The maker of Galaxy phones and tablet computers, with a plan to invest 23.3 trillion won in new businesses by 2020, made its biggest acquisitions in the health care industry last year when it bought a controlling 43.5 percent stake in diagnostic ultrasound devices maker Medison Co., as well as 100 percent of Prosonic from Consus Asset Management Co. for 331.3 billion won. Samsung increased its stake in Medison to 65.8 percent in April.

"We have a lot of companies on our list, and we've been contacting most of them," Jo said, adding to say that Samsung prefers to acquire small companies with niche technology. "We have a target to be the No. 1 across ultrasound devices, X-rays and MRIs."

Jo is also head of the Medison's research center.

Samsung is making a push into an industry led by General Electric, which had $16.9 billion of revenue from health care last year, a growth of 5.6 percent, according to data compiled by Bloomberg. Siemens had 12.3 billion euros ($17.4 billion) in revenue from medical solutions, a 3.4 percent increase.

Royal Philips Electronics NV grew its medical systems business 10 percent to 8.6 billion euros, data show.
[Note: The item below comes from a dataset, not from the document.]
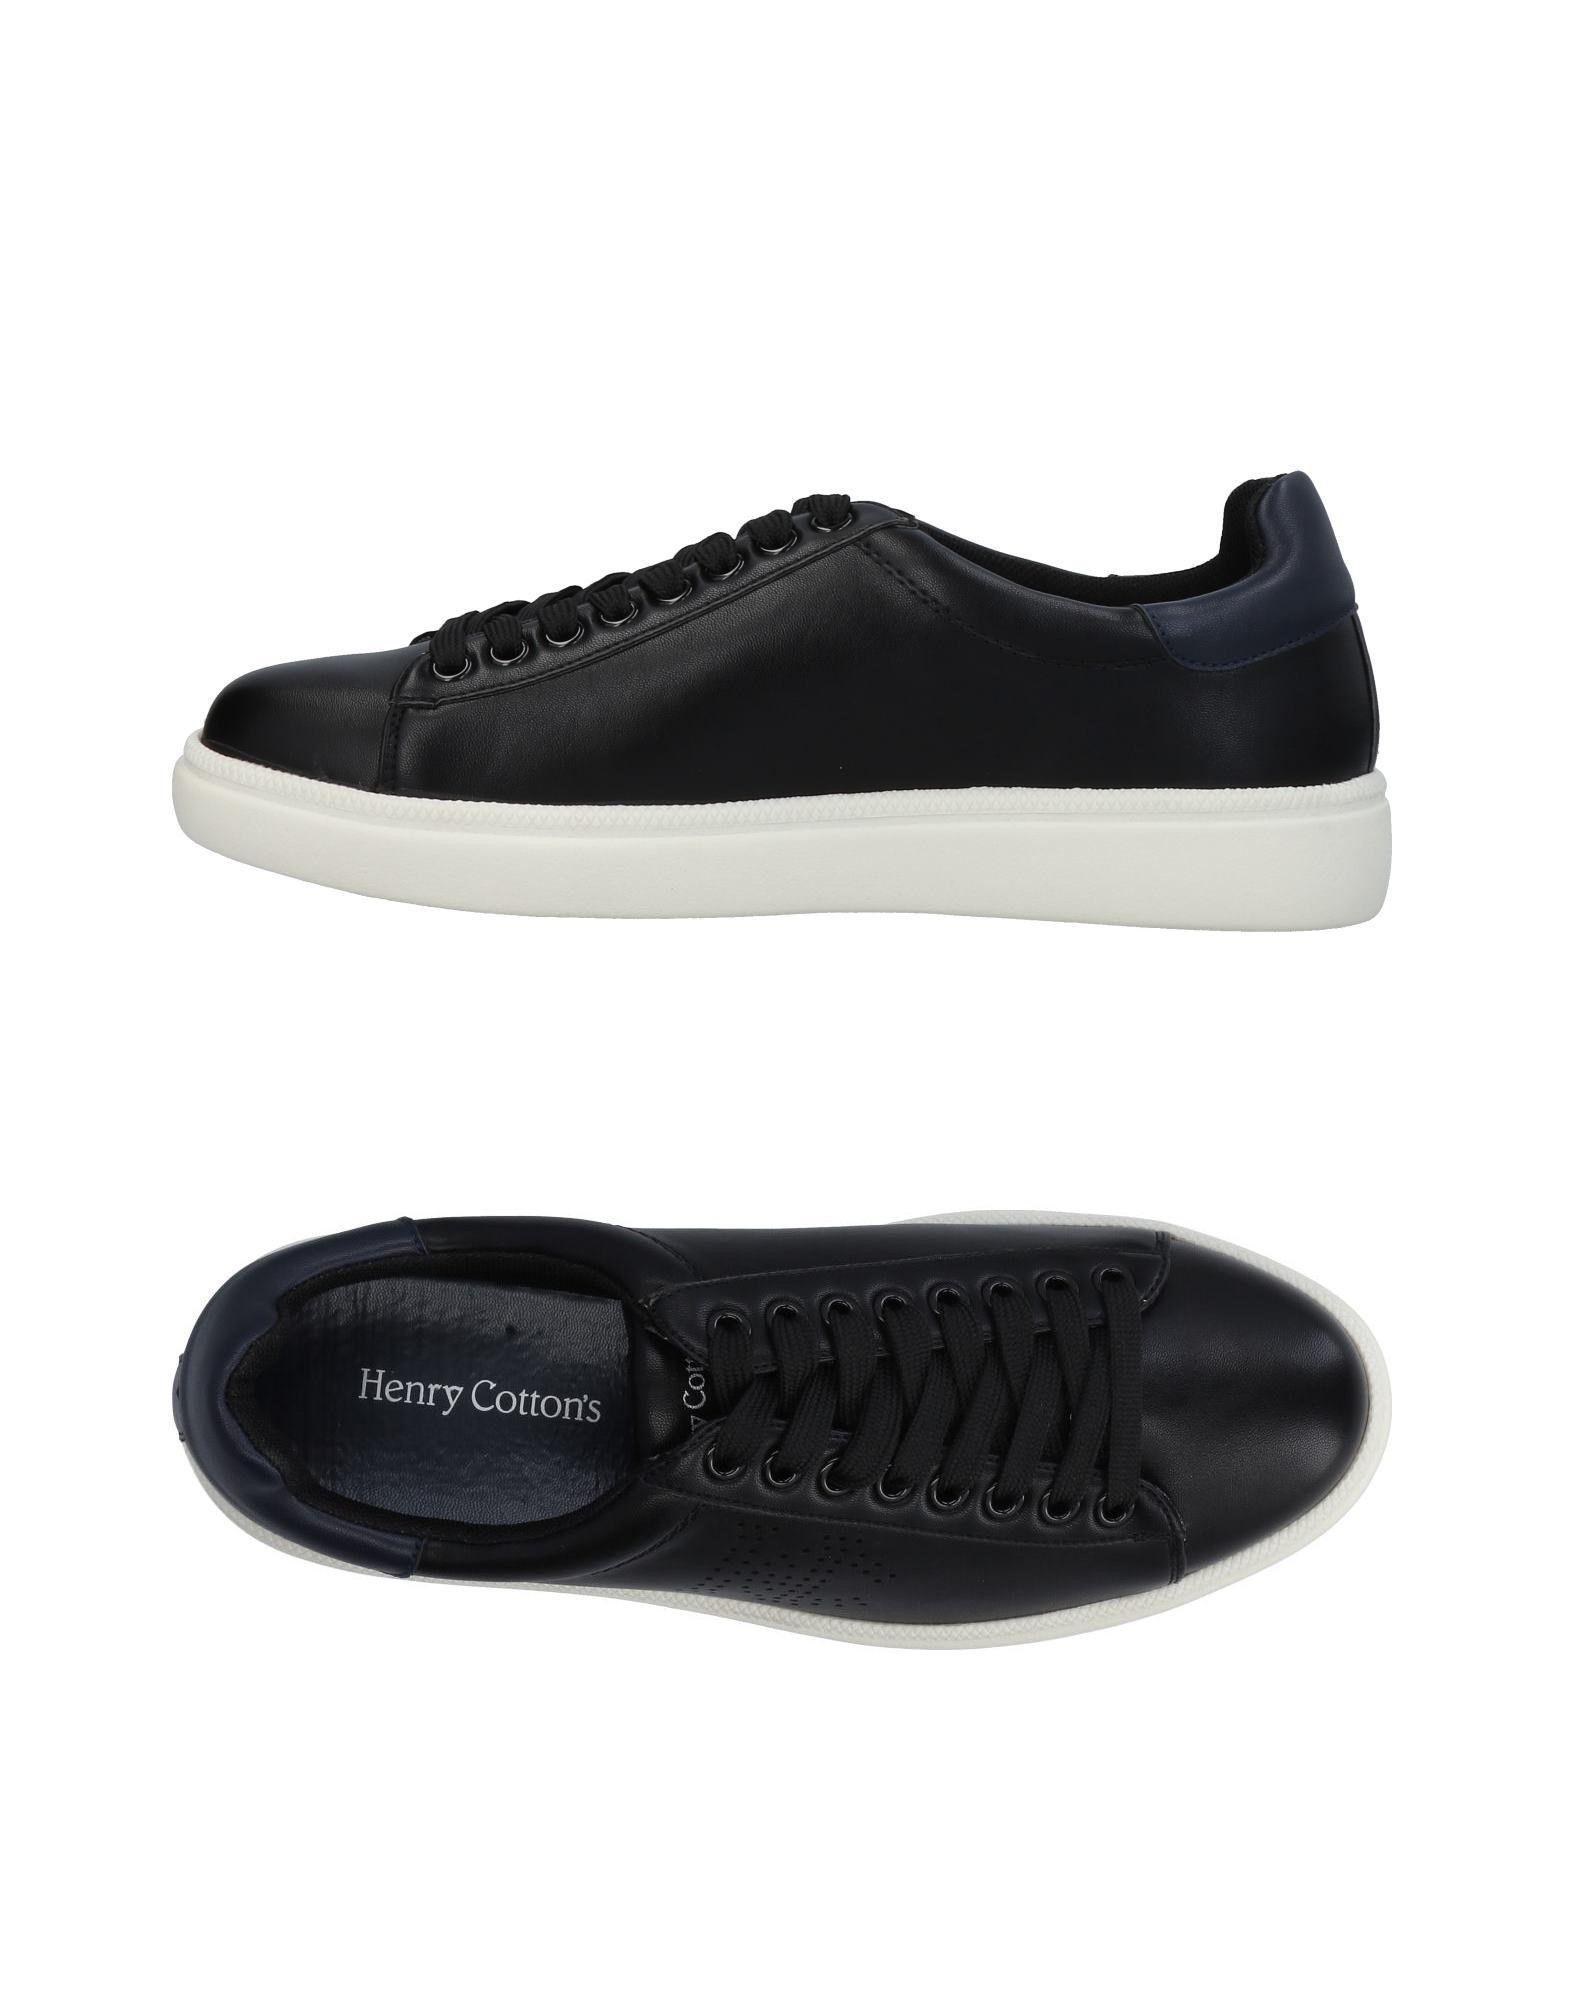 Bas-tops Et Chaussures De Sport De Coton Henry cGOAYLVYwr

By comparison, 24.3 percent of Samsung's revenue last year was from semiconductors and 26.6 percent from telecommunications equipment. The company's total revenue is expected to grow 7.9 percent to 167 trillion won this year, according to the average of 36 analysts' estimates compiled by Bloomberg.

Samsung is expanding into health care as its overall revenue grows at the slowest pace in five years and as populations worldwide get older. The number of people aged 65 and above will account for 8.3 percent of the world's population by 2014, compared with 7.9 percent this year, according to U.S. Census Bureau data compiled by Bloomberg. Japan may be the oldest society, with the portion of elderly projected to account for 25 percent of the population in three years.

Besides takeovers, Samsung will also invest to boost hiring as well as research and development at its own medical-equipment business, where the number of staff grew from less than 10 people in 2009 to more than 200 now, Jo said.

Medison aims to increase sales by more than fivefold to $1.6 billion by 2020 from last year, he said. The company had a 5 percent share in the global market for diagnostic ultrasound devices last year and targets to increase that to 24 percent within a decade, Jo said.

The company may roll out its first products with the new Samsung Medical brand in the second half, Jo said.

Closely-held Medison, which currently has more than 1,000 employees globally with 12 overseas branches, may set up a research base in Seattle, Jo said. The company will also seek more patents, he said.

Medison was set up in 1985 and went bankrupt in 2002 because of excessive expansion. The company was taken over by Consus in 2006.